*YOUR OBJECTIVE*.
Omit the pictures, then reproduce exactly the line bearing "Traveling in style" and every line after it up to and including the last line of the entries below.

[Items from a data source]
——

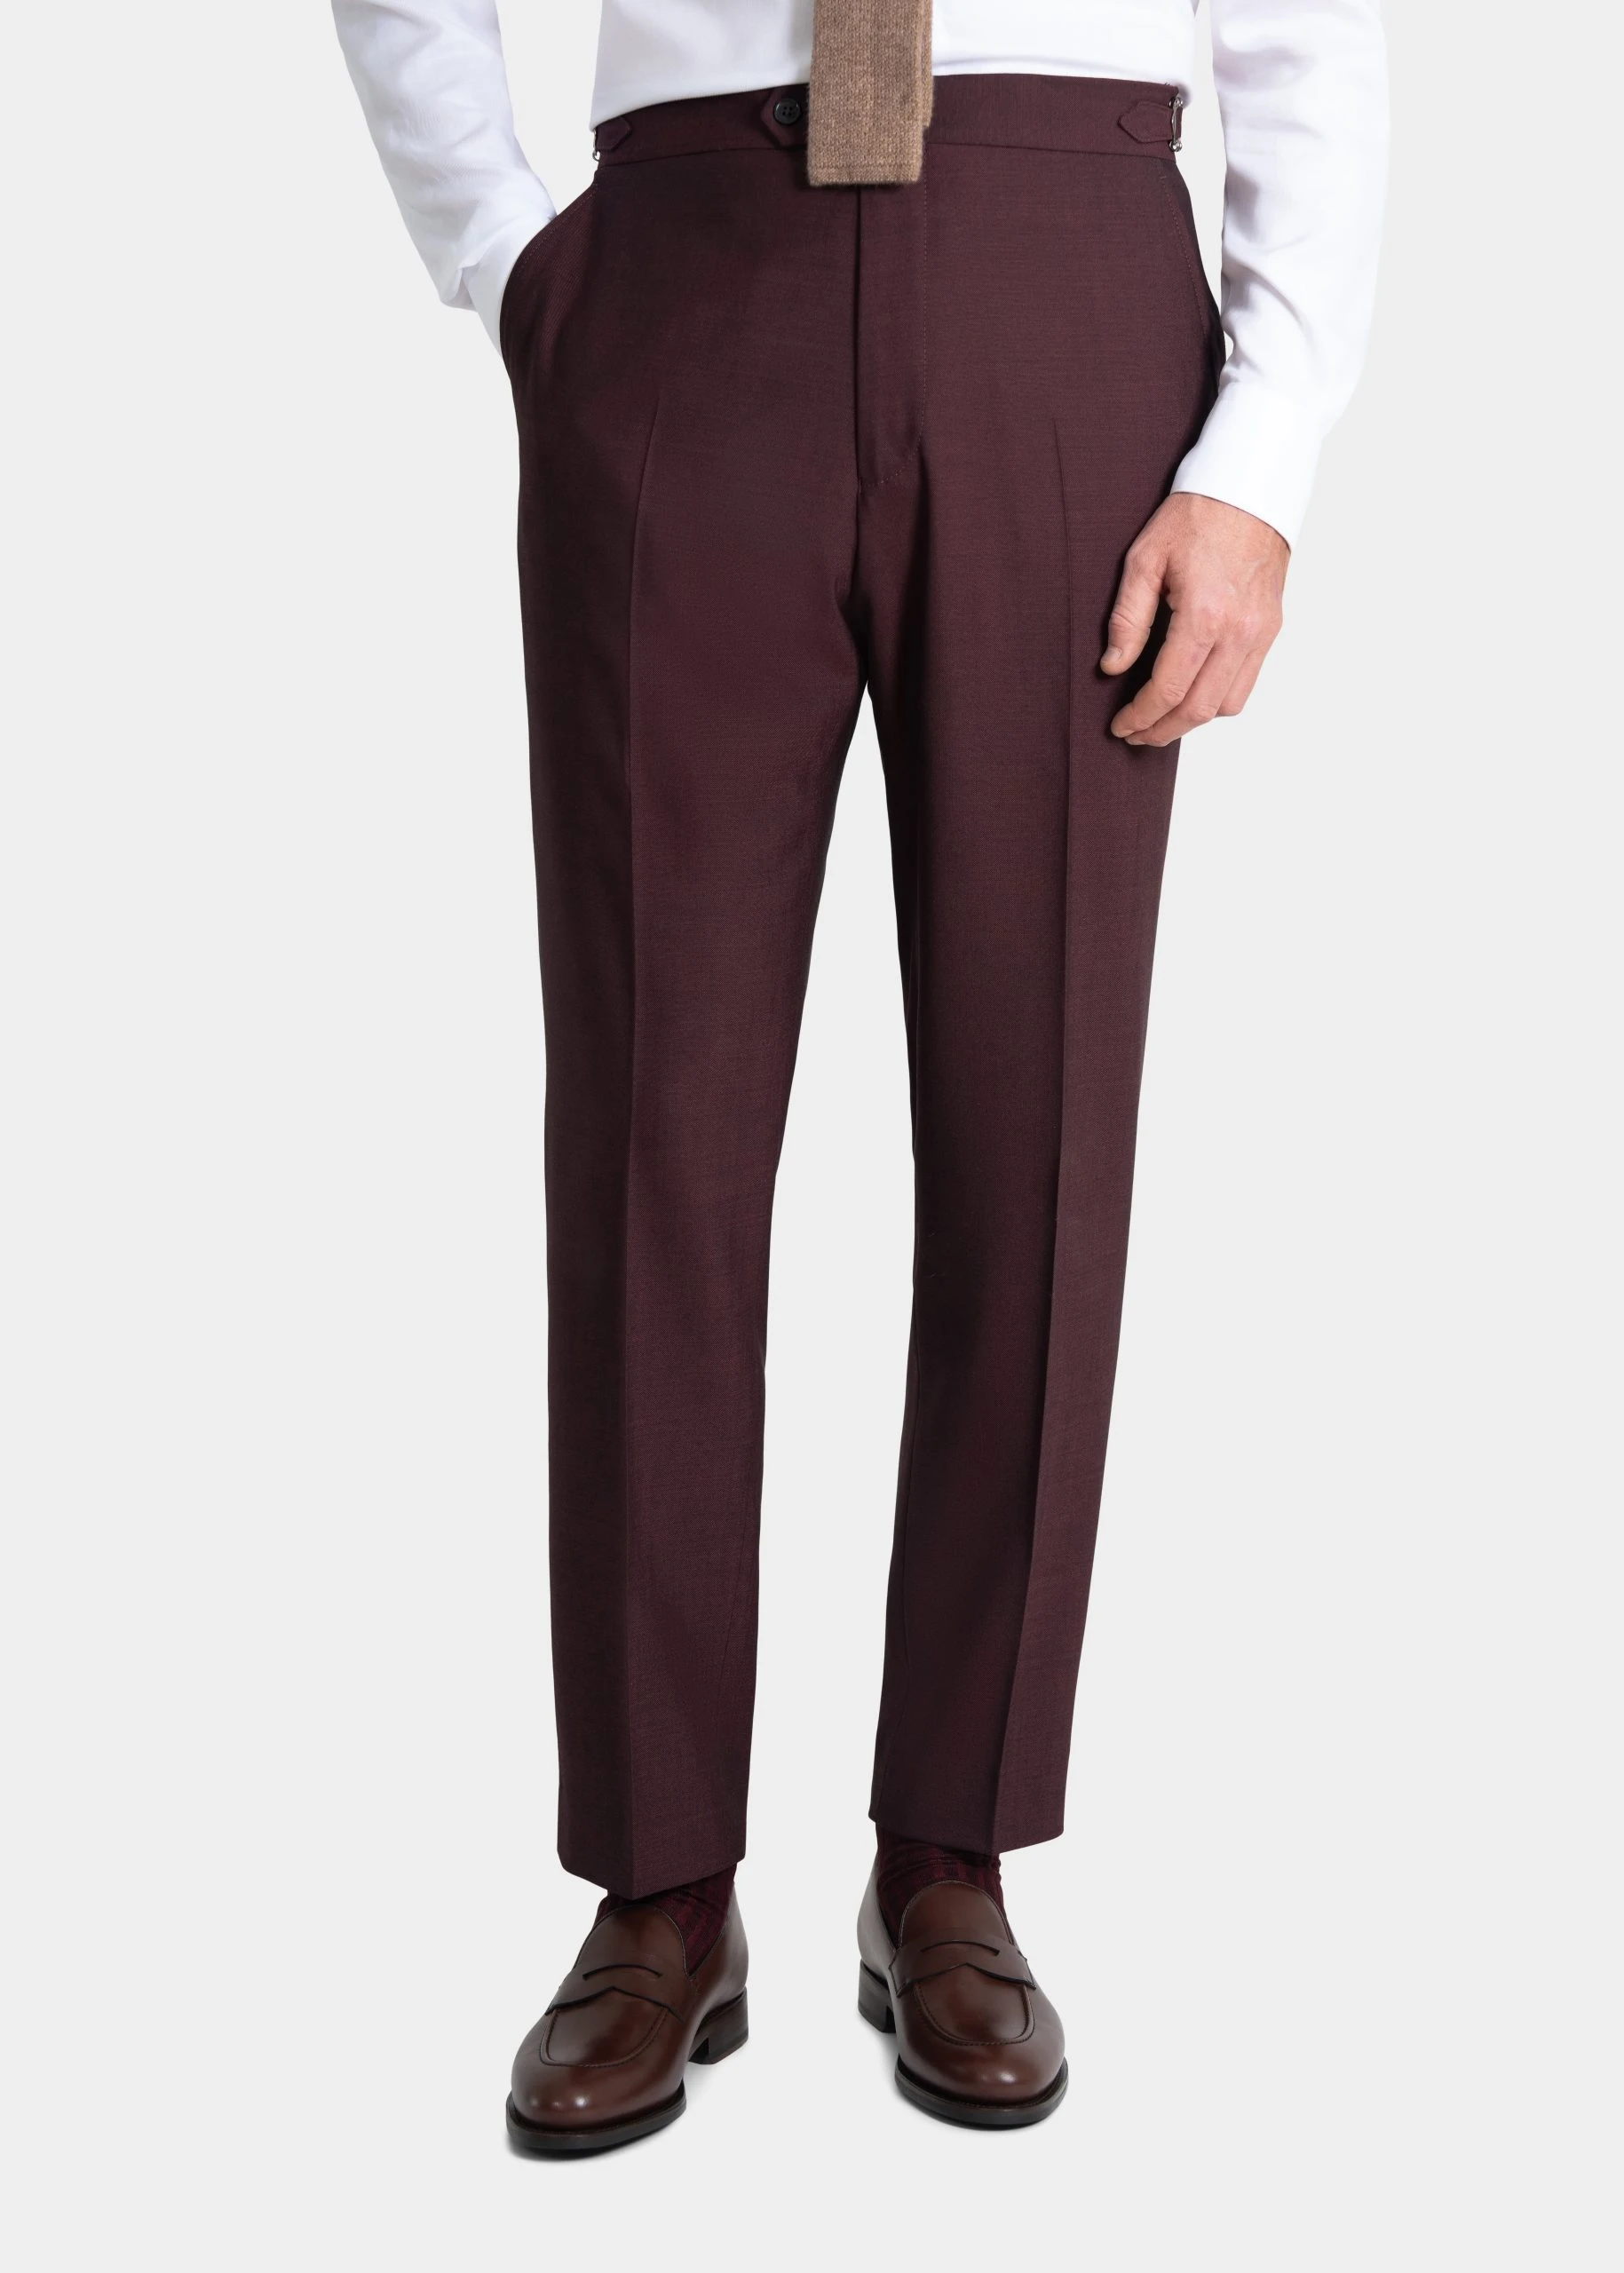 burgundy suit trousers in twistair fabric
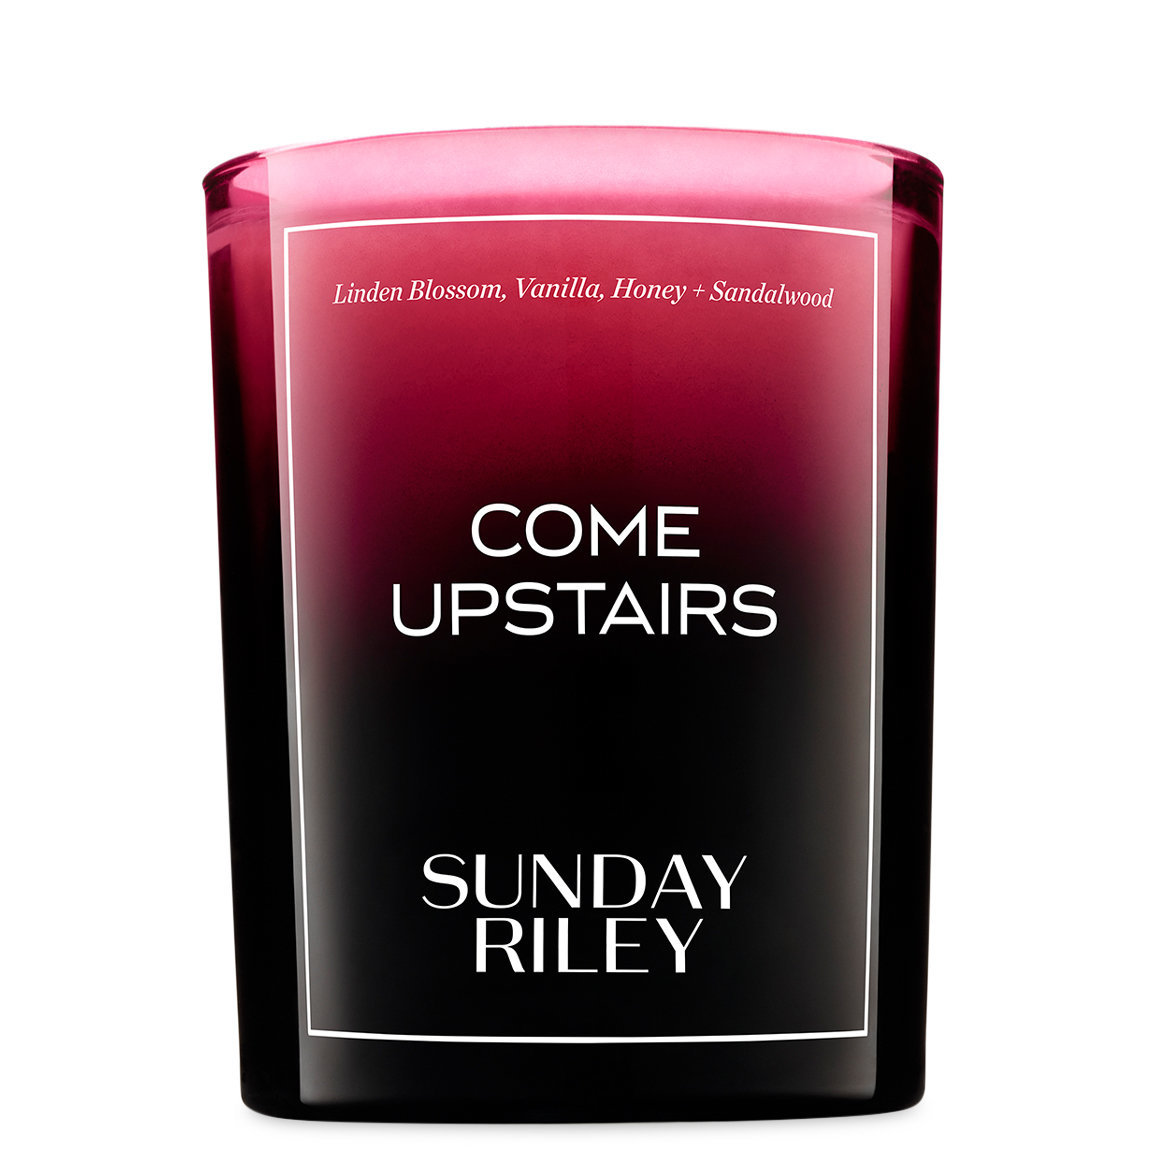 Sunday Riley Come Upstairs Candle alternative view 1 - product swatch.
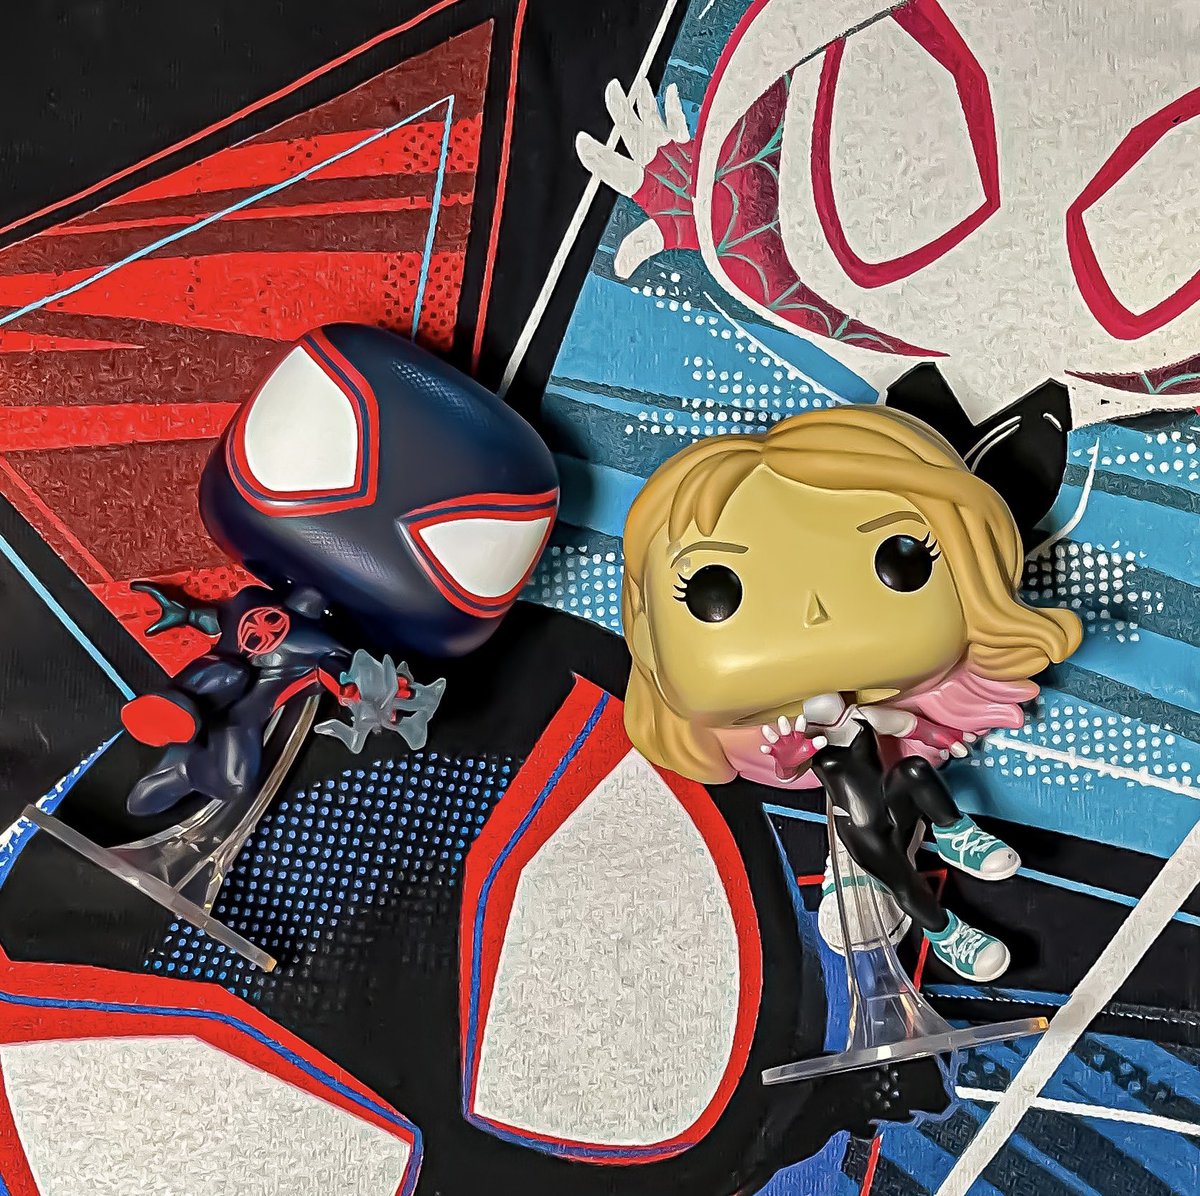 Traveling in style across the spider verse for this #funkofashionfriday can’t wait to see the movie!! This one’s going to be amazing I just know it! 

#FOTW | #funaticoftheweek 

👑 @OriginalFunko
🕸️ #MyFunkoStory 
📸 #FunkoPhotoADayChallenge
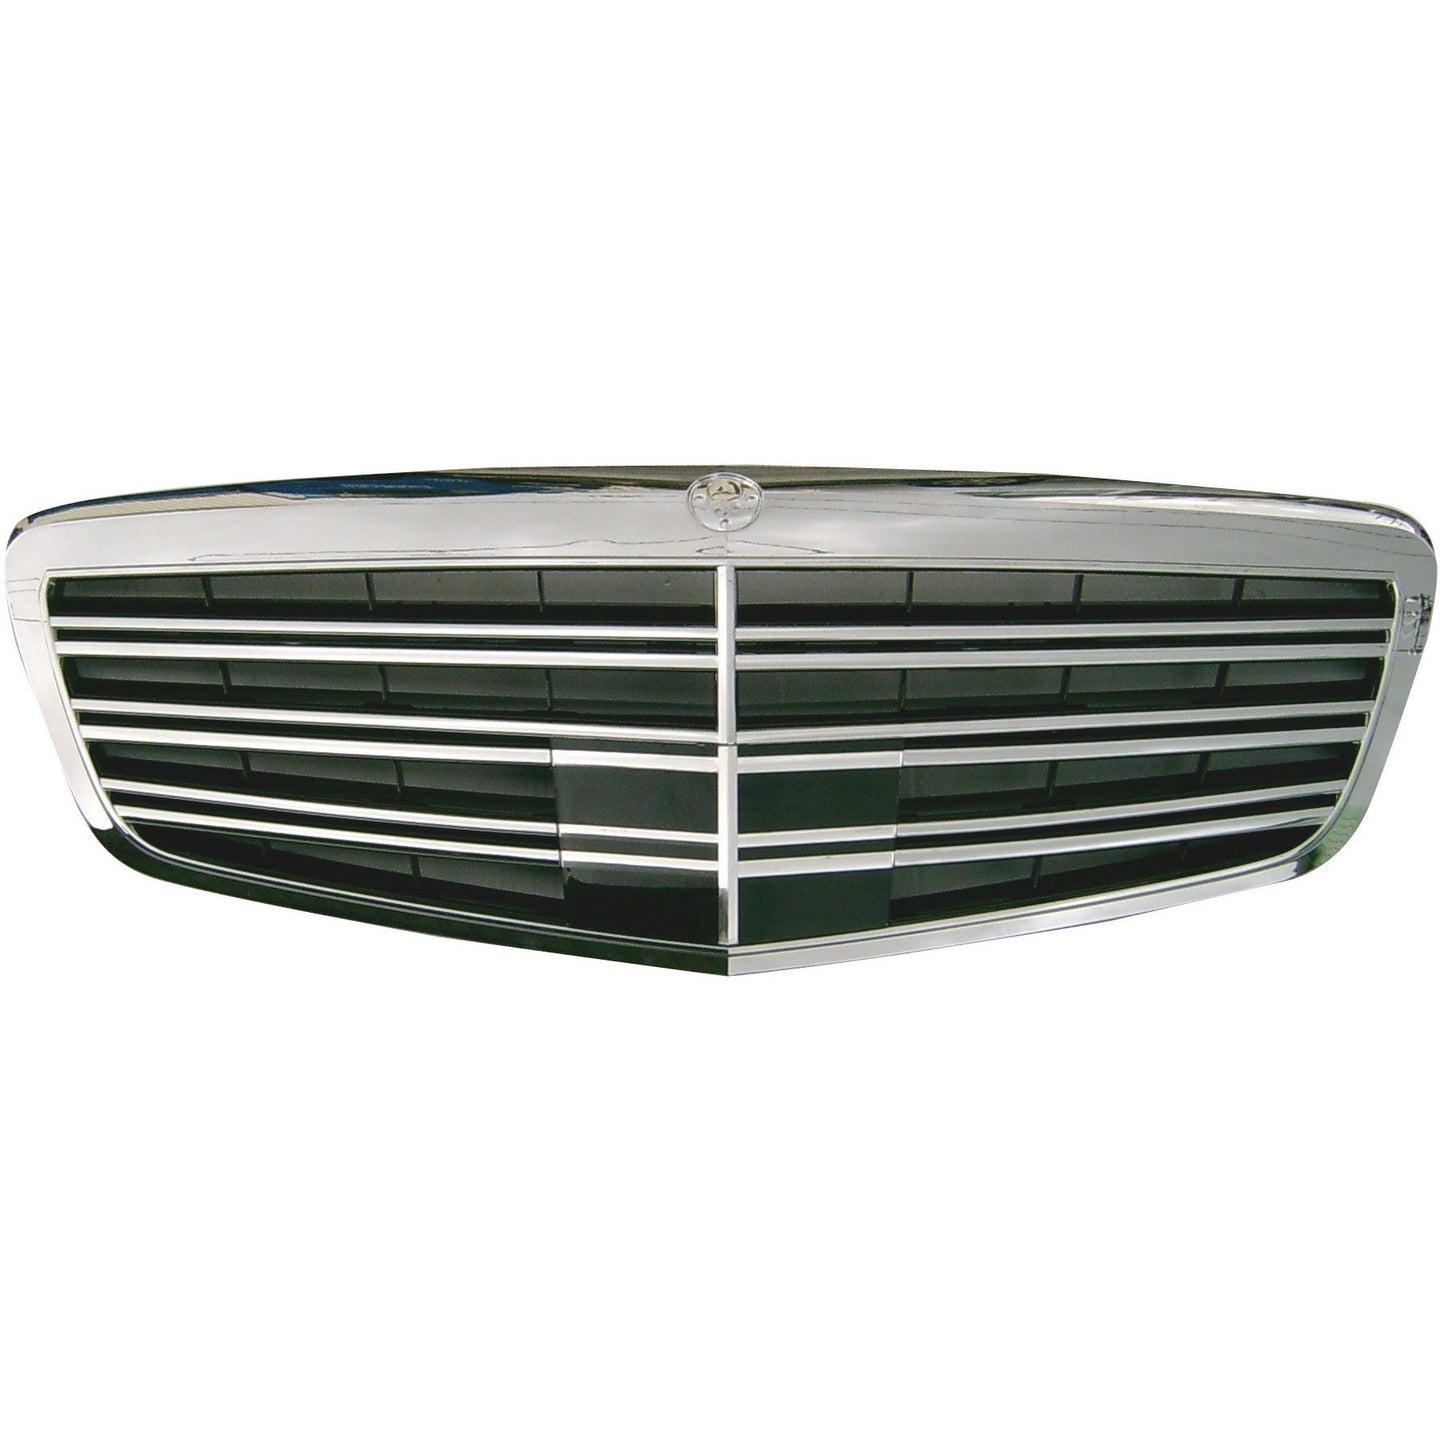 w221 2010 front grille

——

*SOLUTION TO THE EXERCISE*.
 Traveling in style across the spider verse for this #funkofashionfriday can’t wait to see the movie!! This one’s going to be amazing I just know it! 

#FOTW | #funaticoftheweek 

👑 @OriginalFunko
🕸️ #MyFunkoStory 
📸 #FunkoPhotoADayChallenge
 w221 2010 front grille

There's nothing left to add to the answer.